At the moment, I am still trying to figure out how to start, as the input must be in text file, like those they have in SAT competition, where it is as follows : 

p cnf 3 4 
1 3 -2 0
3 1 0
-1 2 0
2 3 1 0

Thanks.

EDIT

parser :-
    open(File, read, Stream),
    read_literals(Stream,Literals),
    close(Stream),
    read_clauses(Literals,[],Clauses),
    write(Clauses).

read_literals(Stream,Literals) :-
    get_char(Stream,C),
    read_literals(C,Stream,Literals).

read_literals(end_of_file,_Stream,Literals) :-
    !,
    Literals = [].

read_literals(' ',Stream,Literals) :-
    !,
    read_literals(Stream,Literals).

read_line_then_literals('\n',Stream,Literals) :-
    !,
    read_literals(Stream,Literals).

read_line_then_literals(_C,Stream,Literals) :- 
    read_line_then_literals(Stream,Literals).

read_literal_then_literals(Stream,As,Literals) :-
    get_char(Stream,C),
    read_literal_then_literals(C,Stream,As,Literals). 

read_literal_then_literals(C,Stream,As,Literals) :-
    digit(C),
    !,
    name(C,[A]),
    read_literal_then_literals(Stream,[A|As],Literals).
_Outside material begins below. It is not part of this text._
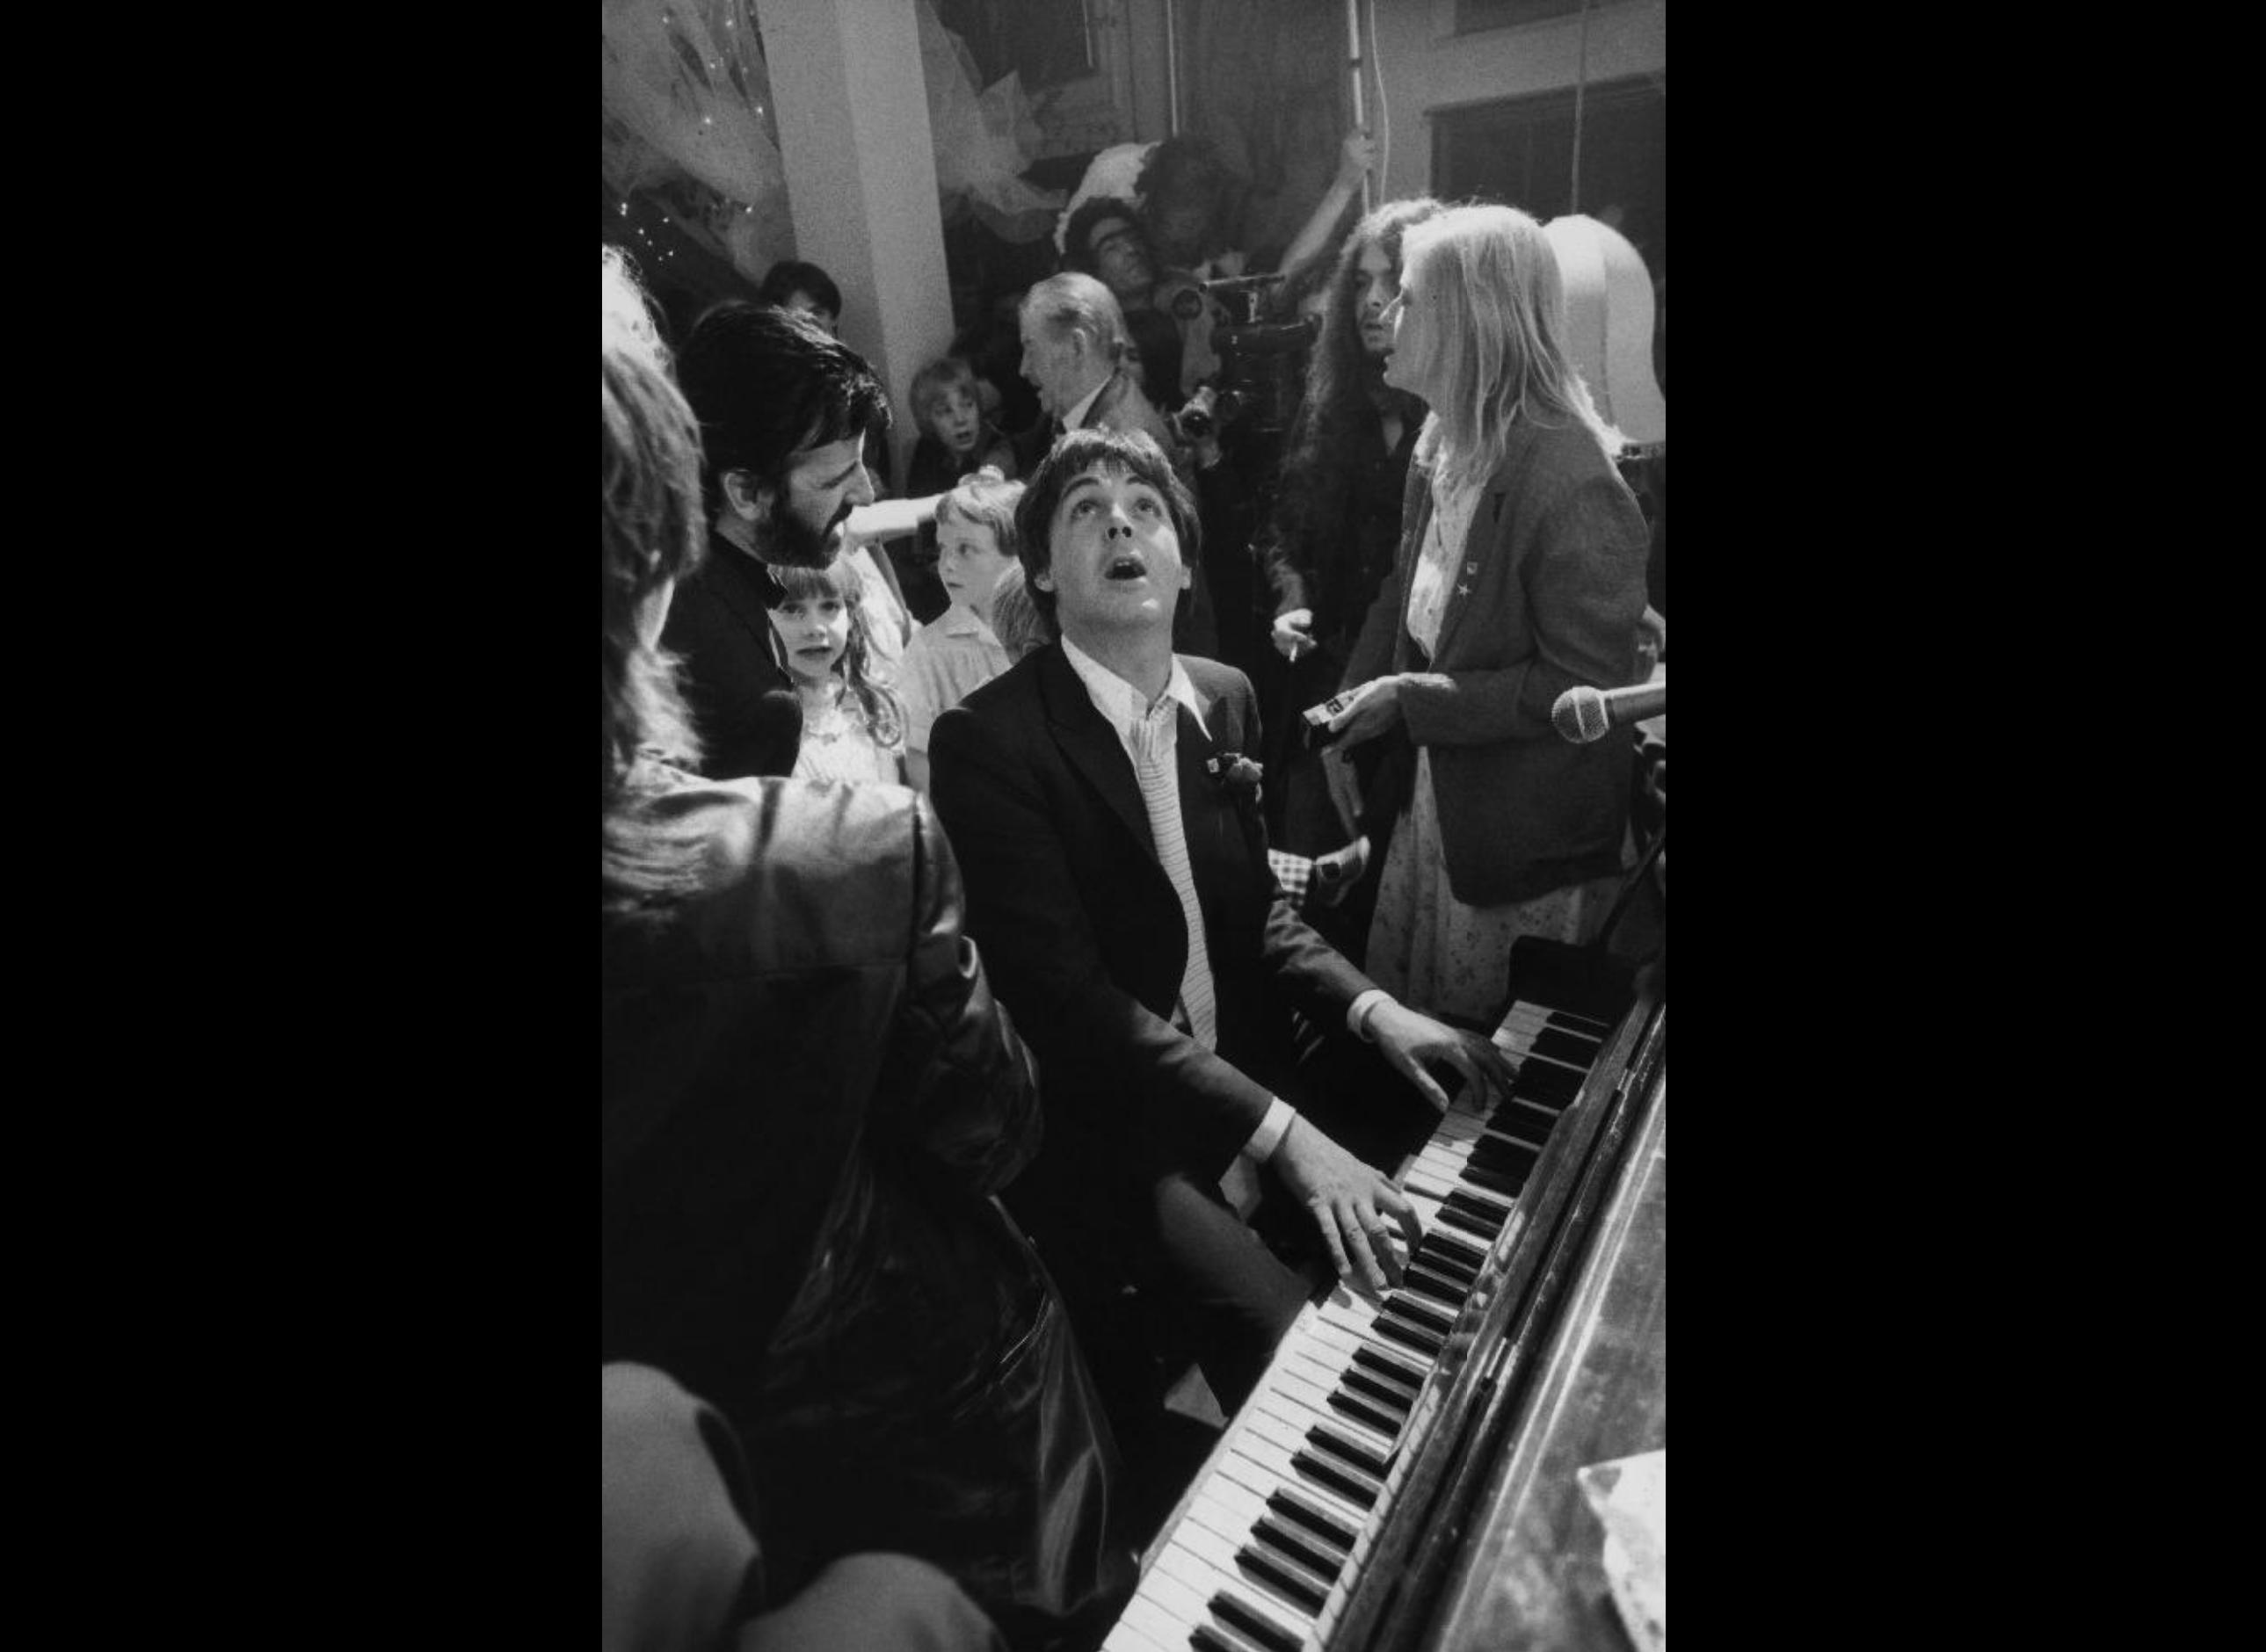 Paul McCartney at Ringo Starr's Wedding by Terry O'Neill

read_literal_then_literals(C,Stream,As,Literals) :-
    reverse(As,RevAs),
    name(Literal,RevAs), 
    Literals = [Literal|Rest_Literals],
    read_literals(C,Stream,Rest_Literals).

digit('0').
digit('1').
digit('2').
digit('3').
digit('4').
digit('5').
digit('6').
digit('7').
digit('8').
digit('9').

read_clauses([],[],[]).

read_clauses([0|Literals],Clause,Clauses) :-
    !,
    reverse(Clause,RevClause),
    Clauses=[RevClause|RestClauses],
    read_clauses(Literals,[],RestClauses).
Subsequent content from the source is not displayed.